Advocate Nabila Hasan represented Prasad in the Supreme Court.
You can read the petition here.
Comprehensive directions on Medical Termination of Pregnancy given by Bombay
High Court | Maharashtra
In response to a batch of petitions seeking abortions, the Bombay High Court on April 3, 2019 issued a comprehensive judgement that outlined critical directions both for the State and Medical Practitioners.
The court held that a registered medical practitioner may medically terminate pregnancy which has exceeded 20 weeks, without the High Court’s permission only when he is of the opinion, that the termination of such pregnancy is immediately necessary in order to save the life of the pregnant woman.
The court also directed the State to establish Medical Boards to examine cases of medical termination of pregnancy exceeding 20 weeks in each district.
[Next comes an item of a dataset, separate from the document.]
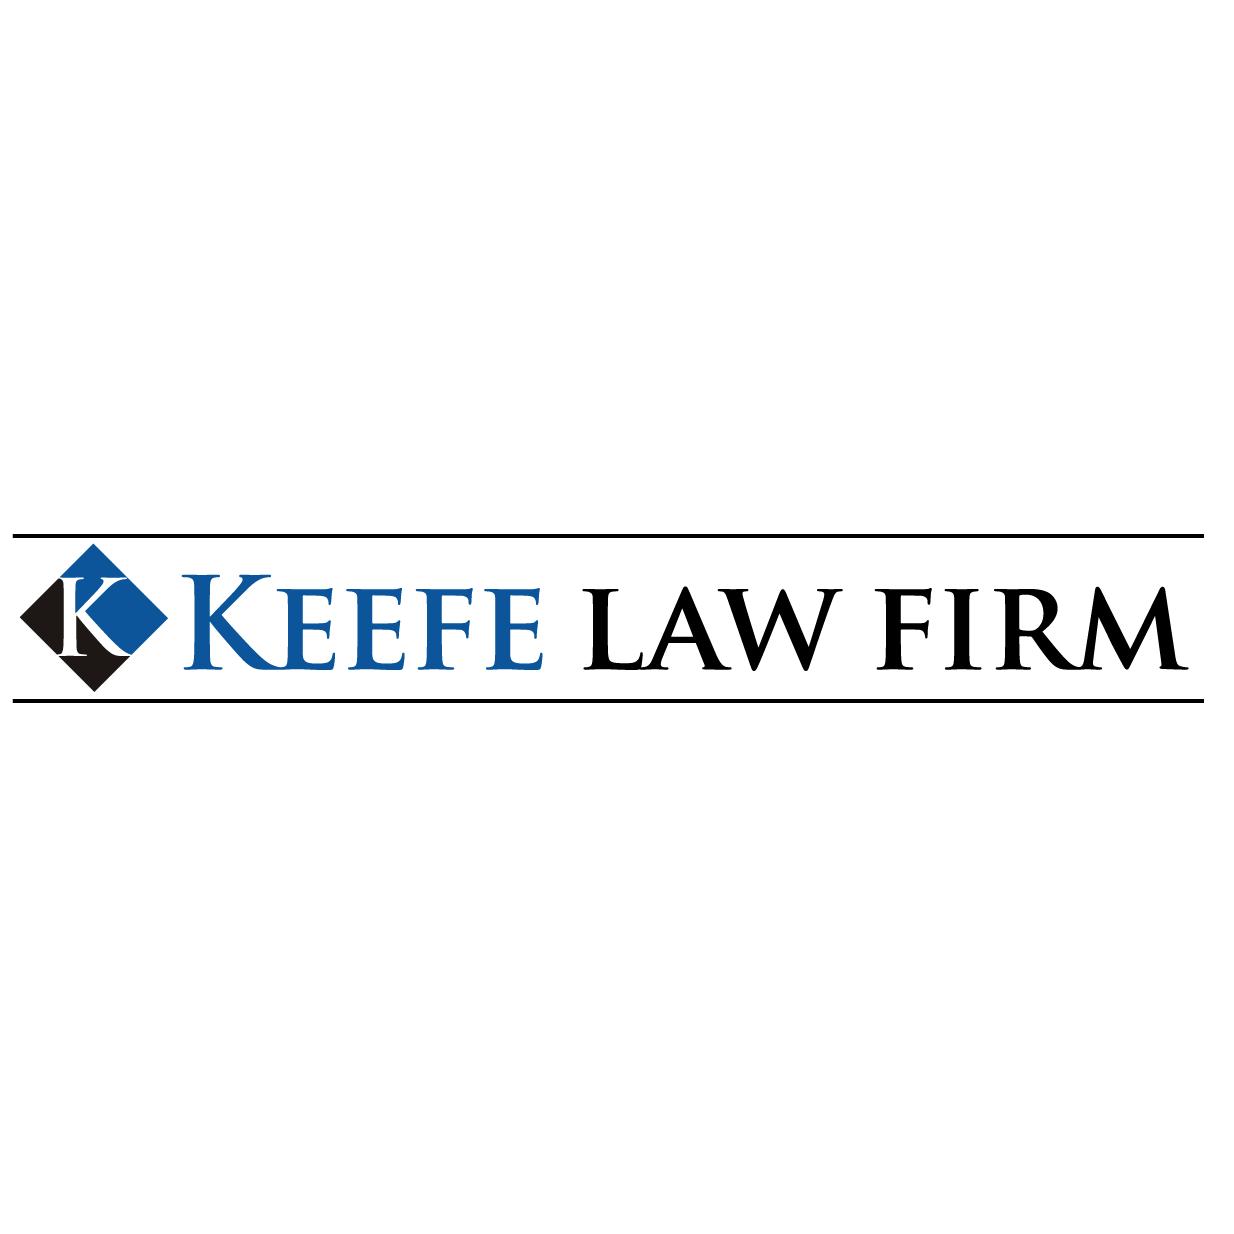 Keefe Law Firm - New Brunswick, NJ - Attorneys

The HC further directed the state to formulate a suitable policy to deal with the cases therein with special emphasis on rural areas. This would enable pregnant women from rural areas to access safe and hygienic facilities. The court also ruled that in a case of a live birth despite a medical termination of pregnancy, the state would have to assume full responsibility of the child.
Senior Advocate Gayatri Singh, along with advocates Aditi Saxena, Meenaz Kakalia and Kranti L.C. represensented the petitioners in this matter.
You can read the Bombay High Court verdict here.
Alternative Plan of Rehabilitation for families affected by Demolitions and forced to
relocate to Mahul | Maharashtra
Slum dwellers filed a slew of petitions in the Bombay High Court challenging the eviction and demolition of their slum structures which was the result of a court-mandated 10-metre buffer zone around water supply pipelines running through the city.
A number of these slum dwellers were rehabilitated at the MMRDA Colony in Mahul, Chembur. However, the petitioners submitted that Mahul has been held to be an unsuitable area for human habitation due to its proximity to a cluster of petroleum refineries and storage terminals of hazardous chemicals.
On September 23, 2019 the Bombay high court directed the state of Maharashtra to relocate over 5,000 families staying at Mahul. The High Court further ruled that no more families should be shifted there till alternative accommodation is provided to the current residents. The division bench led by Chief Justice Pradeep Nandrajog also directed the state to pay the petitioners ?15,000 per month as transit rent with security deposit of ?45,000 to each family within 12 weeks.
“It is therefore evident that residential premises in the vicinity of such refineries can pose multi-faceted security risks, which are not only restricted to the health of the residents nearby and the absolute liability imposed on the refineries, but a terrorist attack using these refineries as targets could lead to colossal destruction within the city, that could debilitate a large number of people living around the Chembur region,” the judgment read.
Advocates Ronita Bhattacharya, Kranti L. C. and Sangram Chinnappa represented 120 petitioners in this matter.